Analyzing NYC Yellow and Green Taxi Trip Records to identify key trends, routes, and patterns, and utilizing ELT (Extract, Load, Transform) processes to extract meaningful insights. Furthermore, Looker Studio has been used to craft interactive dashboards for comprehensive visualization and analysis.
NOTE: files from DBT cloud are stored in this repo : https://github.com/LaeekAhmed/dtc-de-analytics
Data source - yellow and green taxi trip records: https://www.nyc.gov/site/tlc/about/tlc-trip-record-data.page
Yellow trips schema : https://www.nyc.gov/assets/tlc/downloads/pdf/data_dictionary_trip_records_yellow.pdf
Green trips schema : https://www.nyc.gov/assets/tlc/downloads/pdf/data_dictionary_trip_records_green.pdf
Architecture Diagram (ELT pipeline) :
Data from the source website is extracted and stored in gcs, data is then loaded into BigQuery by creating external and partitioned tables. DBT then fetches data from these tables, applies transformations and loads it back into BigQuery.
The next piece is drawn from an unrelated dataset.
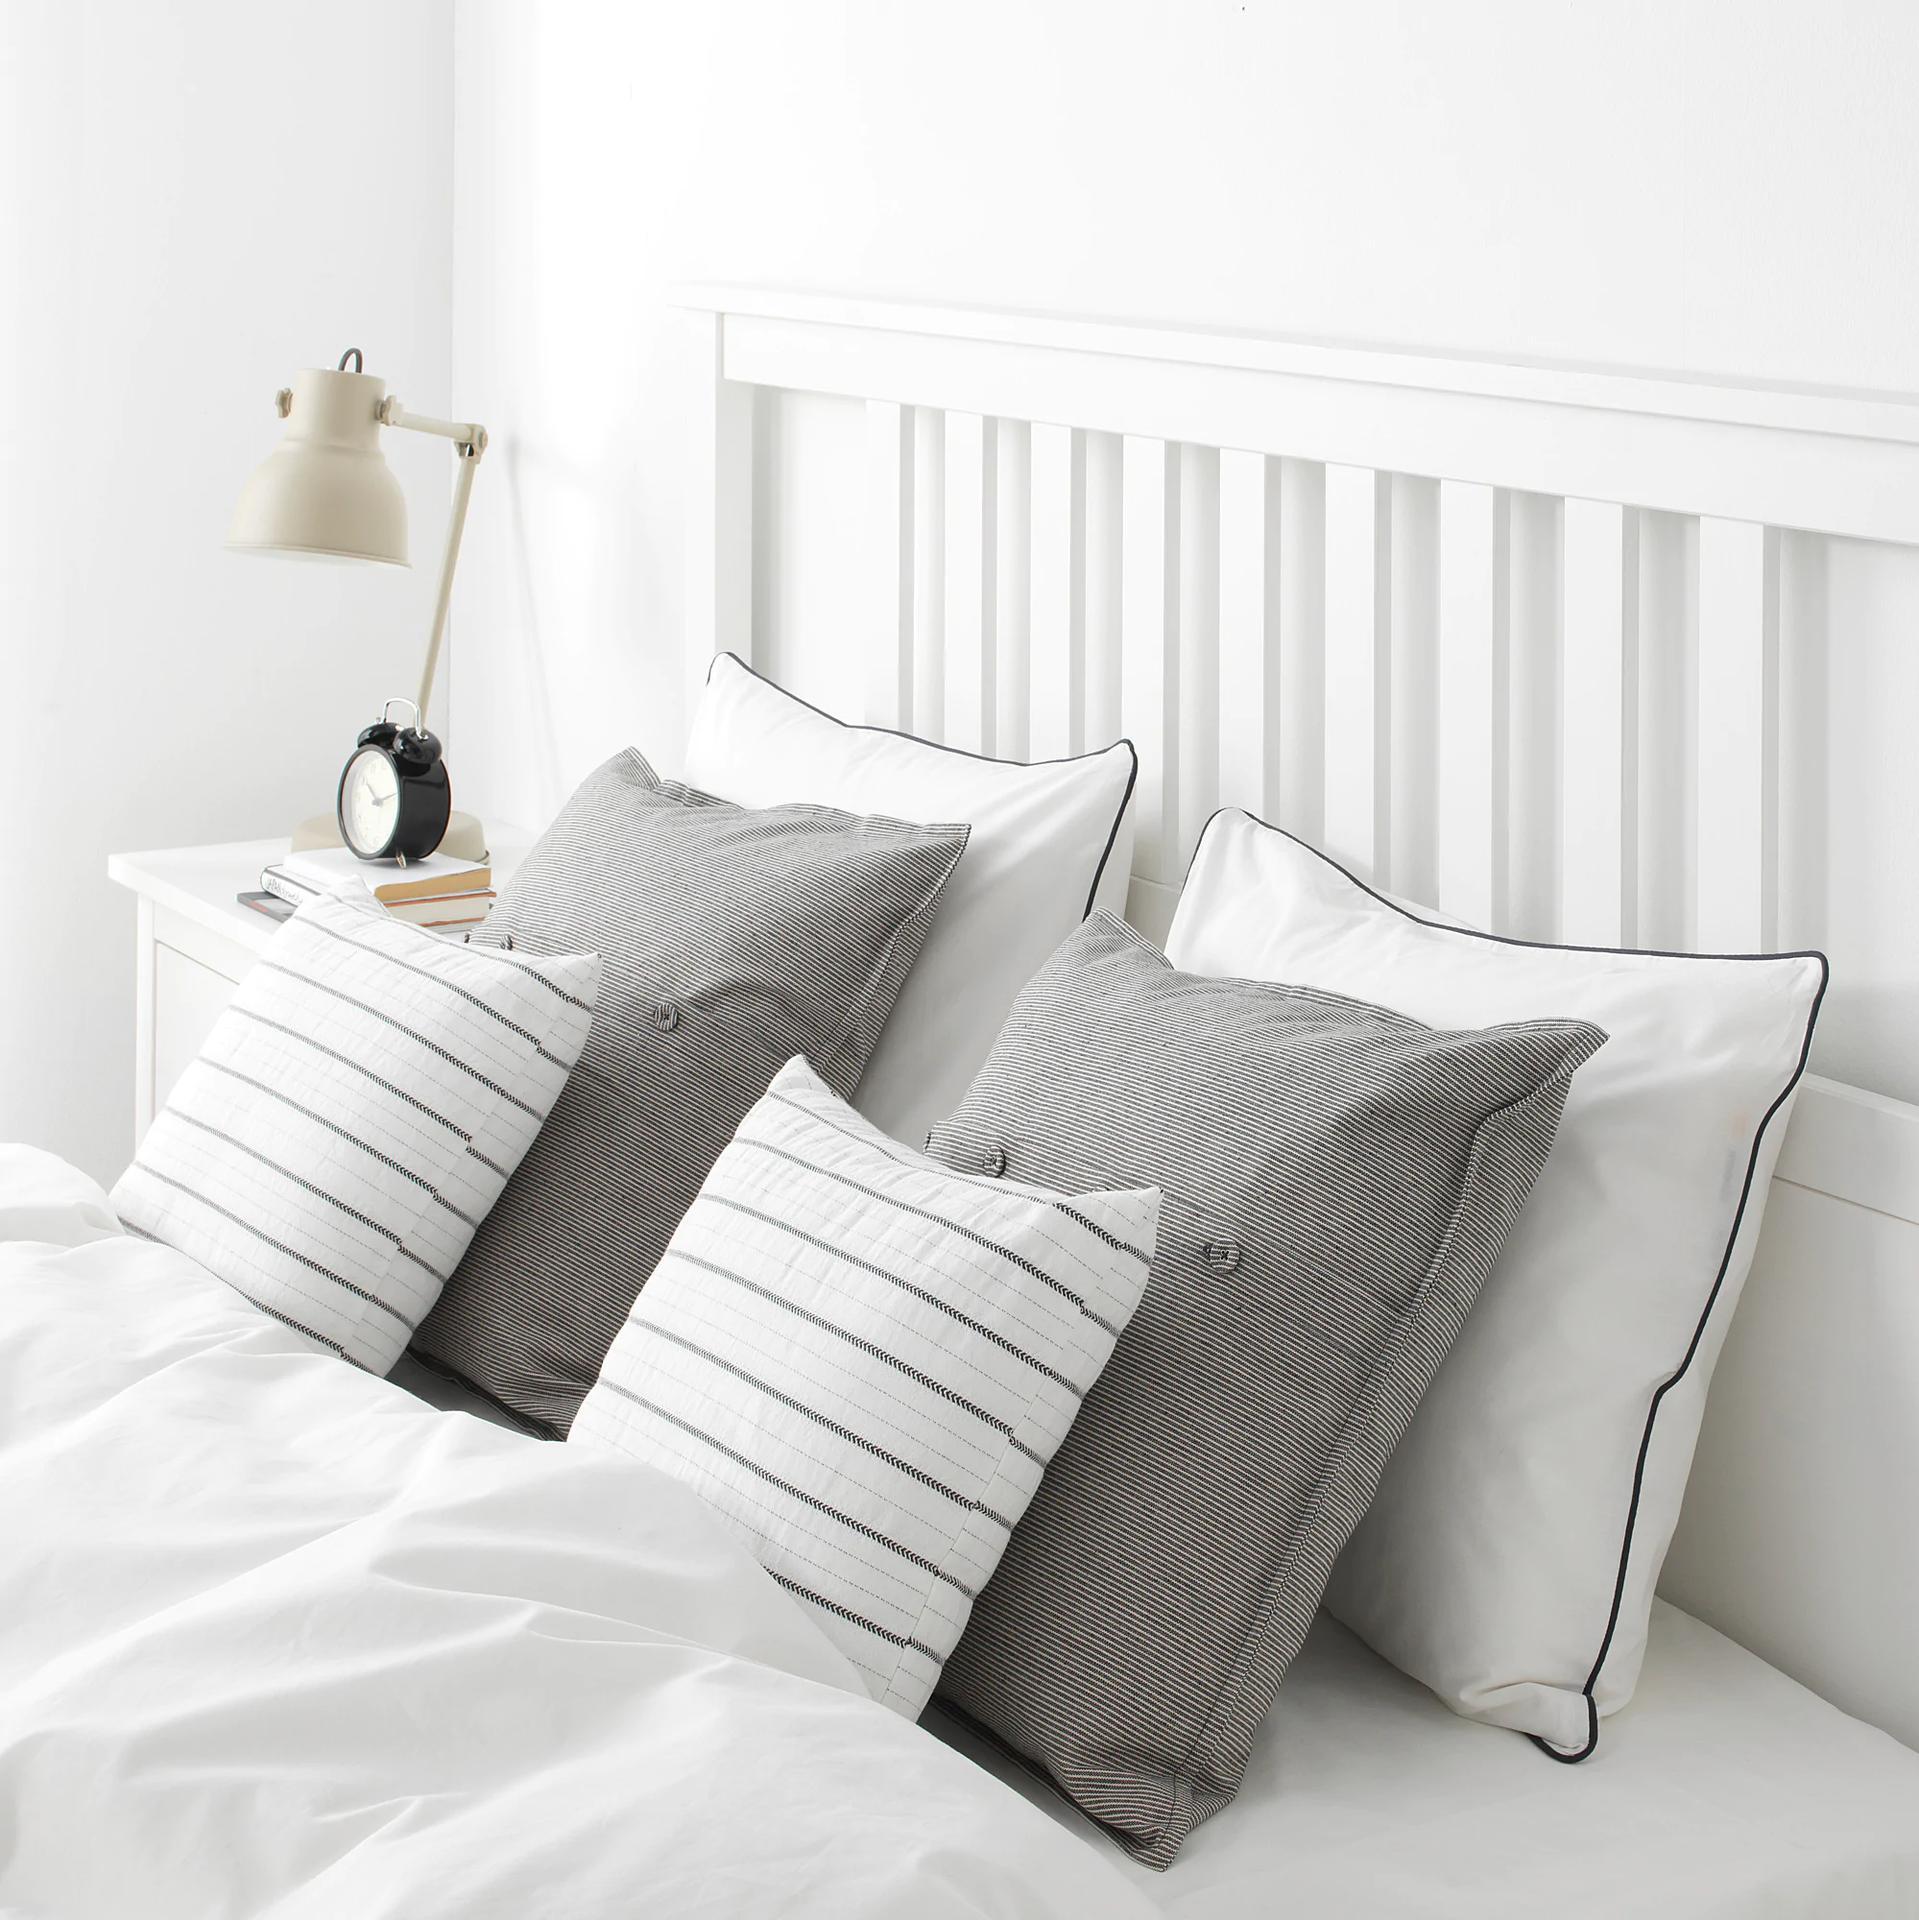 IKEA ... taká tá klasika, jednoduchosť a istota nábytku (album tak pre inšpiráciu ... pre mňa, možno aj pre vás, kto má rád IKEA) - Obrázok č. 85

Looker studio is then used to create dashboards based on the records in these tables.
- Used Terraform to set up the infrastructure
- Used a docker containers to run everything.
- Used Airflow to orchestrate the entire pipeline
- Used gcs as data lake and BigQuery as data warehouse
- Used Postgres as a testing/development database
- Used DBT cloud to process, transform and clean the data
Airflow Dags :
src_to_gcs_dag.py downloads data from the source website, uploads it to gcs and then removes it from the local folder.
gcs_to_bq_dag.py is used to re-arrange the files within gcs, create an external table based on these files and then create a partitioned table from the external table.
Lastly, there is the src_to_postgres_dag.py to load data from the web source into the Postgres database.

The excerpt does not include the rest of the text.